As stated by Mr. Justice McFarland in his concurring opinion in People v. Gunn, supra, 85 Cal. 238, 250: “Because the constitution declares the provisions to be mandatory, it does not follow that a substantial compliance with them is not sufficient. The proceedings for the adoption of a charter will probably never be so literally perfect that a critical and hostile eye cannot detect in them some slight defect or irregularity, which ought not to be considered fatal. Whether or not there has been a sufficient compliance with the constitution in any particular case must depend on the particular facts of that case.”
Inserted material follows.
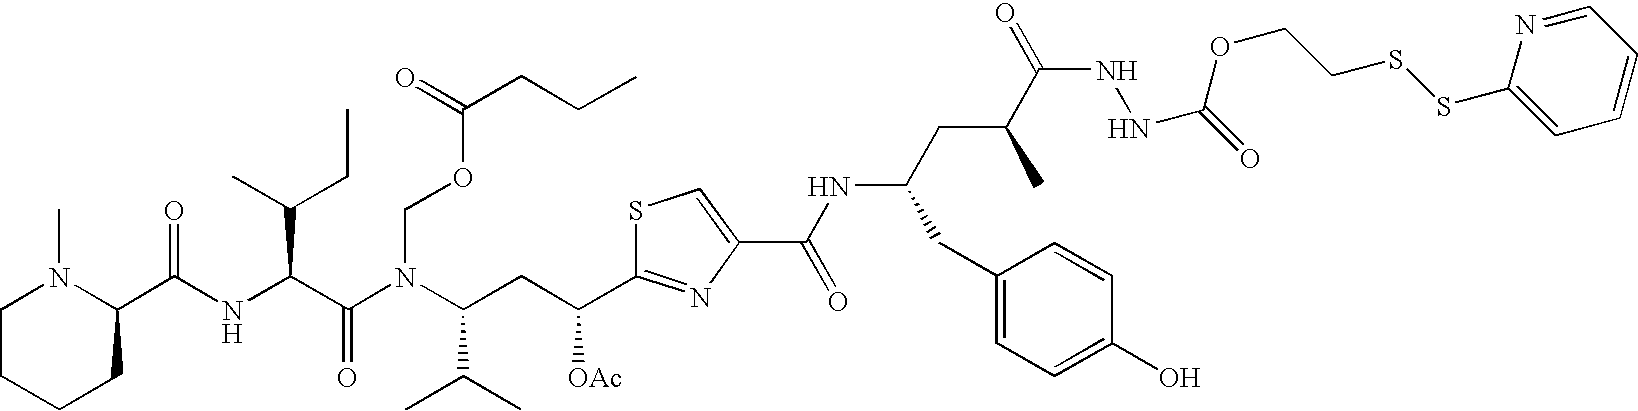 Figure US09138484-20150922-C00087

That principle has been adopted in the more recent decisions above cited. It is not necessary here to attempt to specify the limits of those minor errors which may be deemed to be *344inconsequential within the substantial compliance rule. It seems clear, however, that if, as in the present case, it may be said with certainty that such minor errors in certain publications could have tended only to result in unfavorable, rather than favorable, votes on the question of the adoption of the proposed charter, then such errors should be held to be so inconsequential as not to invalidate the entire proceedings for the adoption of the proposed charter.
The Legislature here has approved the proposed charter despite the minor errors in some of the publications. It has impliedly found and concluded that there was a substantial compliance with the constitutional provisions. It has frankly shown the extent of such minor errors on the face of the concurrent resolution so as to permit judicial review of its findings and conclusions under the rules set forth in Taylor v. Cole, 201 Cal. 327 [257 P. 40], and People v. City of San Buenaventura, supra, 213 Cal. 637. Upon this judicial review, I am of the opinion that the Legislature was correct in its findings and conclusions, and that this judicial review should result in the validation, rather than the invalidation of the charter.
For the reasons stated, I would reverse the judgment of the trial court, with directions to enter judgment in favor of defendants.
Edmonds, J., and Traynor, J., concurred.
Intervener and appellant’s petition for a rehearing was denied June 25, 1951. Edmonds, J., Traynor, J., and Spence, J., voted for a rehearing.